A longo prazo, porém, o mais grave talvez seja a falta de investimento na estrutura das escolas para a economia permanente de água. Em 2003, quando Flávio Augusto Scherer finalizou sua dissertação de mestrado – Uso Racional da Água em Escolas Públicas: Diretrizes para Secretarias de Educação – na Escola Politécnica da Universidade de São Paulo, já se previa a escassez de água em São Paulo. De acordo com ele, o ideal seria incluir mudanças nos sistemas hidráulicos nos programas de uso racional da água, coisa que a grande maioria das cidades e dos estados não faz. Em São Paulo, a secretaria estadual acordou com a Sabesp a adesão de 600 escolas ao Pura (Programa Racional de Uso de Água) para reparos e construção de cisternas em algumas unidades, mas ainda é pouco diante das 5.300 escolas da rede.
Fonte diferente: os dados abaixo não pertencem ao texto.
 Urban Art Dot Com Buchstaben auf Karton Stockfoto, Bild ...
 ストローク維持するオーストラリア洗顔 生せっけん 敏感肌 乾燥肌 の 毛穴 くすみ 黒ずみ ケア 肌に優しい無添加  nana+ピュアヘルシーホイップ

Flávio costuma ouvir as mesmas objeções quando apresenta às prefeituras a proposta desenvolvida no mestrado. “Eles se preocupam com quanto vai custar e se vai ficar pronto na sua gestão; se não gerar dividendos políticos, acham que não vale a pena.” Para o engenheiro, as ações de prevenção têm de ser vistas como contribuição de longo prazo para o meio ambiente, para as contas públicas e também para uma sociedade mais saudável e preparada para lidar com escassez de recursos. Segundo dados da própria Sabesp, hoje estamos numa situação pior do que há um ano. A primeira semana de agosto já teve menos chuvas do que no mesmo período de 2014, o ano mais seco vivido pelo estado. Não há mudanças de atitude do poder público no horizonte.